Zephrant;708131 said:


> I got the tractor tonight, and spent a few hours on it. I did buy the Frontier blade for it. Paid list price I suspect, but my 2WD pickup is out of commission for the winter, so I had no way to shop around for it without having to arrange to get it hauled to my place. Since they were coming out with the tractor anyway, I had them mount it and bring it.
> 
> *First thing I noticed- if I angle the 6' blade, it just pushes the tractor sideways.* I've got chains on order, but it will be a week for them to come in. I may have to add weight someplace too.
> 
> But I started getting the hang of the bucket- I pushed back the berms in the cul-de-sac fine, but made no progress on the ones along the road. Couldn't use the blade, and the bucket would be very slow.
> 
> Ran out of time to play tonight, but I'll give it another go tomorrow.
> 
> Was nice to be out playing in the snow with the moon out though.
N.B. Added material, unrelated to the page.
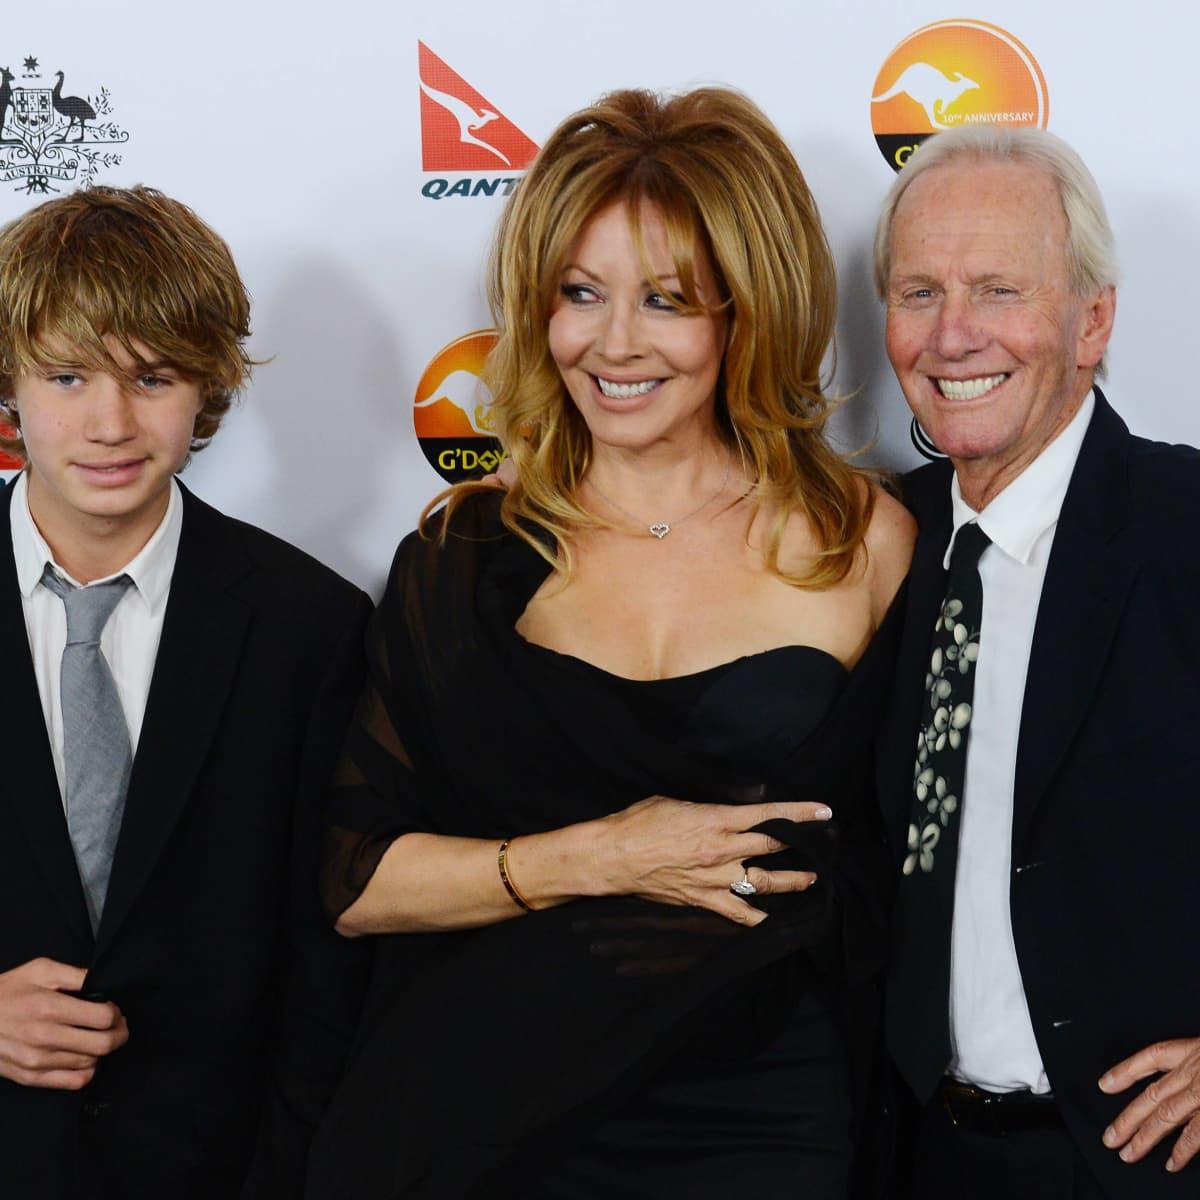 Linda Kozlowski And Paul Hogan: This Is Their Son Chance

Could not see much behind me, but the front lights were OK for bucket work.
> 
> I'll look for those Peterson lights- thanks for the help.


See if you can trade them for a 5'. A six footer is too much for that machine. I run turf tires, and no weights on my 2210 without any side walking issues.

Also, play around with adjusting the top link, you may have it adjusted too long oor too short making one corner of the blade dig if it's angled. When the blade is on the ground you want the main boom it's haning from to be as close to level as possible.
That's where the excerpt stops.